I saw a few lessons during this year where you could feel the disconnection in the room and where pupils were completely disengaged. This fuelled the fire behind my new goal - I want to become a Maths teacher and I want to strive for that connection by ensuring my pupils know that I care about them and their learning every second of every day!


This led me early on, even before starting my teacher training, to commit to the idea that every single second I am in that classroom counts! This idea then evolved over my teaching years into me putting a huge emphasis on everything I do in school and in my preparation out of school as having to be perfect as they too have a huge impact on these young humans lives. As with many teachers, I was triggering my own perfectionism and I started trying to do 200 things really well every day and setting unreasonable expectations of myself!


I remember vividly one Friday after school in my 6th year of teaching I received some pretty hard to swallow feedback about one of my lessons that had been observed and I spiralled into the thinking - "I am failing all of my pupils, I am a hideous Maths teacher, I am just not ever going to be good enough".


This level of perfectionism continued until I was lucky enough to meet a Maths colleague who reminded me so quickly after joining the school that the best and MOST IMPORTANT part of being an educator is the relationships!


He showed me time and time again that taking learning seriously but having a huge amount of fun in the classroom were not mutually exclusive. Through his school presence, he inspired me to rediscover my balance between upholding high expectations whilst building meaningful connections by being myself.

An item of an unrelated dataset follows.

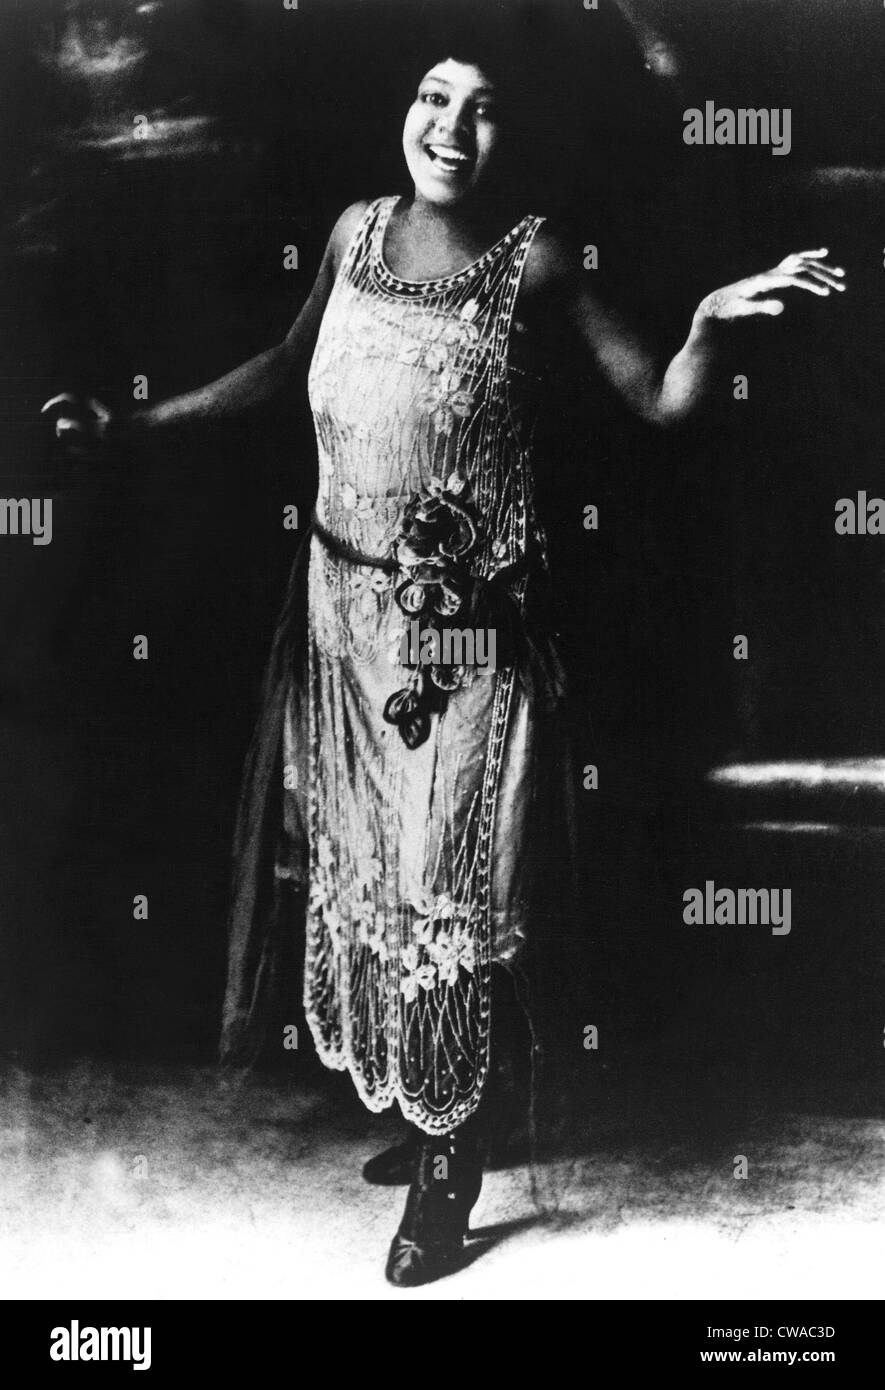 Bessie Smith, cantante de blues, 1920. Cortesía: CSU Archives / Everett Collection Foto de stock

During my time working with this colleague, I started to regain that fun side that I know had always been there before I started going full perfectionist. I remember one lesson a pupil hadn't done their homework and adhering strict behaviour policies I had to put in place a consequence. This pupil was incredibly upset and I remember saying to him - "it's absolutely ok that you forgot your homework, let's work on a way to avoid this happening again and learn from the mistake". And then out of nowhere, I said "if you forget next time though it won't be detention it will be death by lobsters" and straight away this pupil chuckled!

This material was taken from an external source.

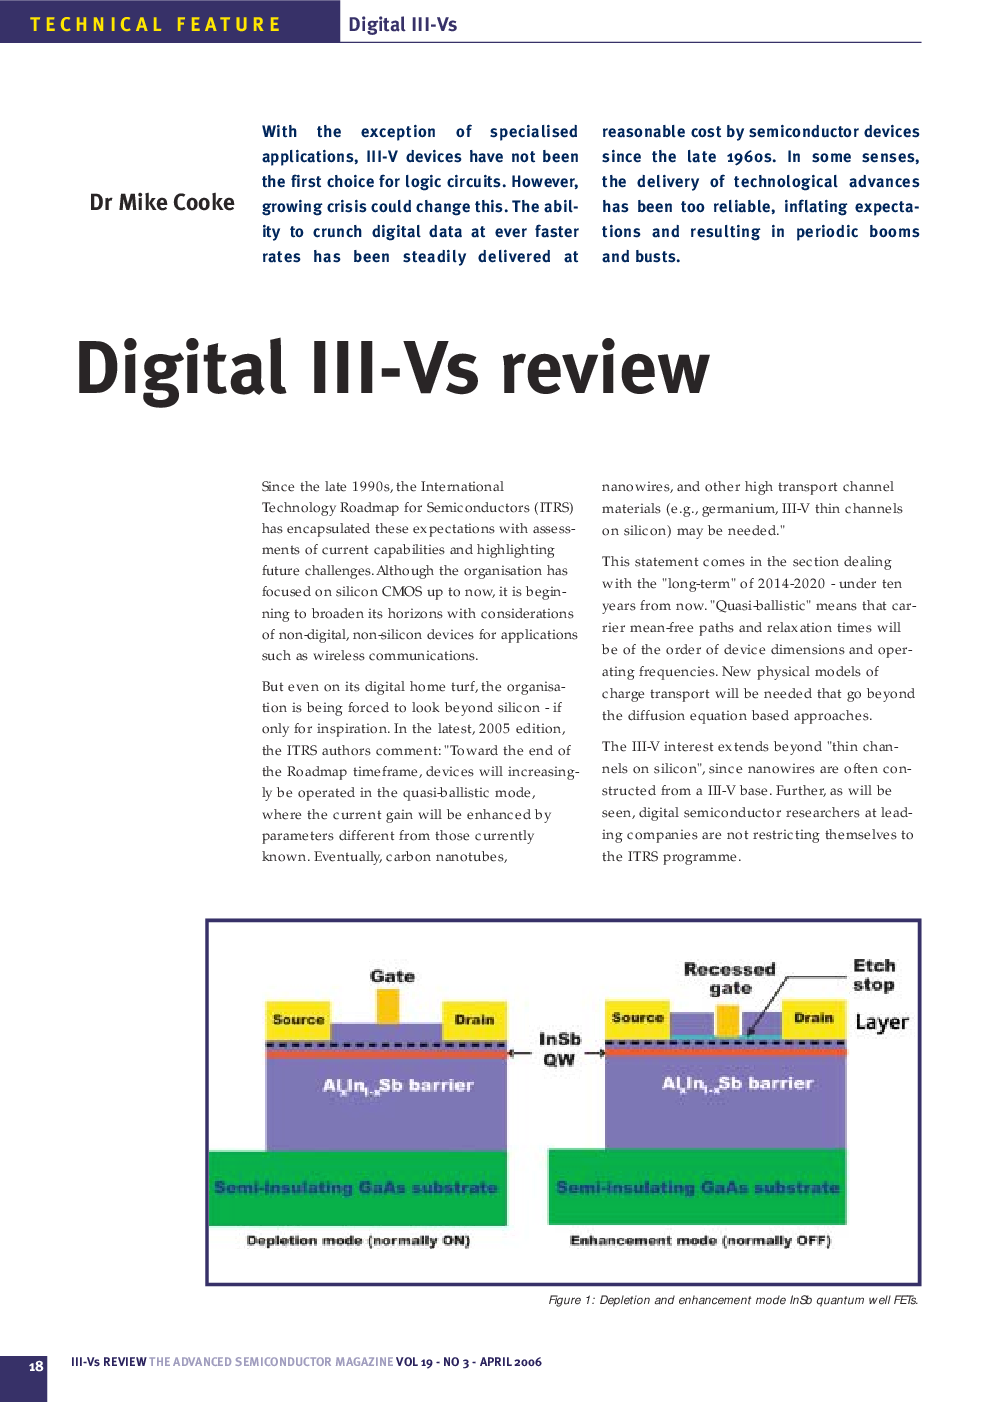 Digital III-Vs review

Being able to let go bit, let the real silly weird me out, has also meant that my relationships with pupils have gone from strength to strength. This pupil learnt at that moment that I really cared about him stepping up and ensuring he improved his organisation but at the same time that a mistake will never mean that I stop caring about them as an individual!


It then took me moving to Singapore, stepping down from being Head of Department for a bit, and focusing on just being back in the classroom to fully realise -


What I do as an educator is vital, it is influential and my impact should always be considered. But being an educator isn't always just about taking education so seriously. Some of the best learning and growth happens when we are lost in silliness and the flow of just being your real self as an educator!


So the name Educating Lobsters is a a big reminder of that for me. Lobsters represent the silliness! It reminds me to have fun, play with the learning and not take education so seriously all the time.